8.9. Further the A.O. has failed to appreciate the fact that during the assessment proceedings u/s.143(3) in the AYs 2011-12 and 2012-13, the A.O. has concluded and accepted the sale of Agricultural land and treated as exemption income declared by Assessee in the Return of Income filed. However there was no discussion in the said order through it the details of sale of Agricultural land was available with A.O. as it was shown in ITR 2 filed u/s.139(4). The very same department has accepted the financial statement and investment in lands as Fixed Assets. Now, the department has stated that the lands for the aforesaid years have to treated as stock in trade is totally arbitrary to the stand taken for subsequent years.
8.10. In view of the above, the Appellant was not doing any business activities and entire land held as investment and it is to be considered as Agricultural income on sale of Agricultural land, which is exempt from Tax.

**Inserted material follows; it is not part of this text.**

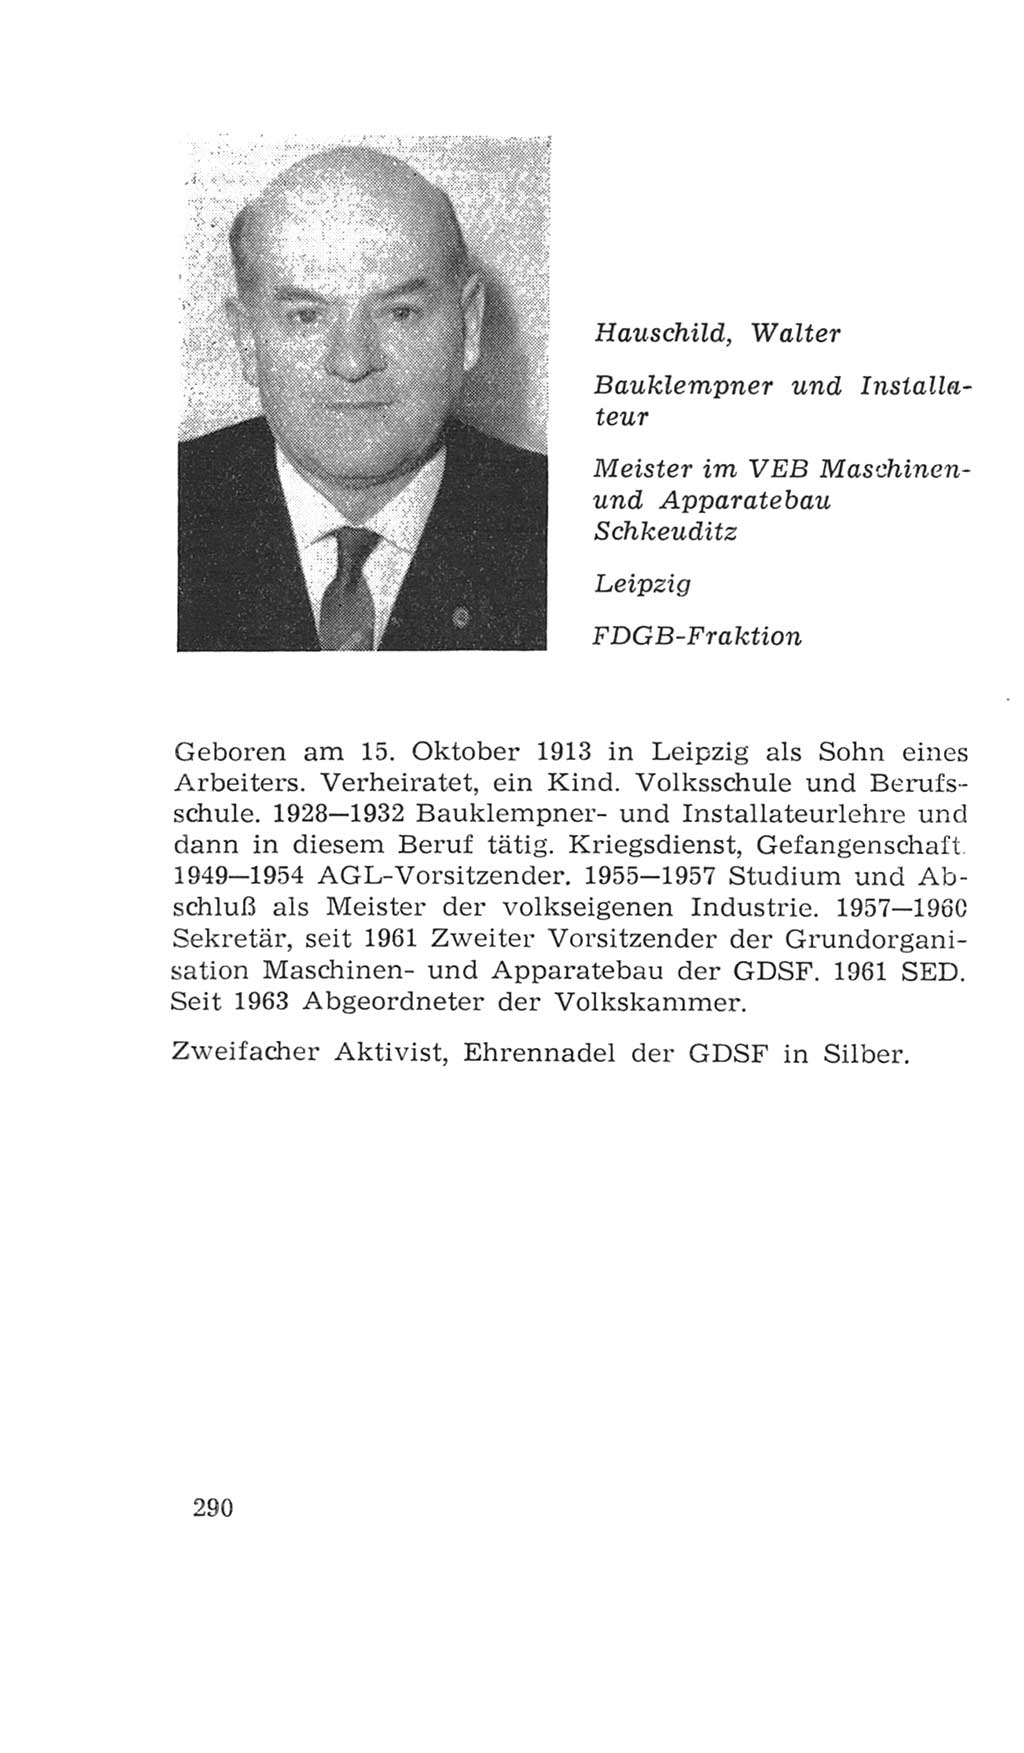 Volkskammer (VK) der Deutschen Demokratischen Republik (DDR), 4. Wahlperiode 1963-1967, Seite 290 (VK. DDR 4. WP. 1963-1967, S. 290)

8.11. In this regard, the assessee relies on the following decisions:
1. J.K. Bros Constrafin Ltd Vs ITO Ward 2(1) ITA No.1997/Hyd/2017, AY 2013-14 (Hyd Trib), Where it is held that Since the assessee before us has purchased the agricultural land and had sold it as agricultural land and there is no evidence brought on record that ITA No 19$7 of 2017 JK Bros Constrafin Ltd Hyderabad. Page 6 of 6 the assessee has carried on any developmental activities on the said land and since the land was described by the Revenue authorities as agricultural land only, we accept the contention of the assessee and hold that the land, in question, is agricultural land and the profit there from is not taxable in the hands of the assessee either as business income or as capital gains.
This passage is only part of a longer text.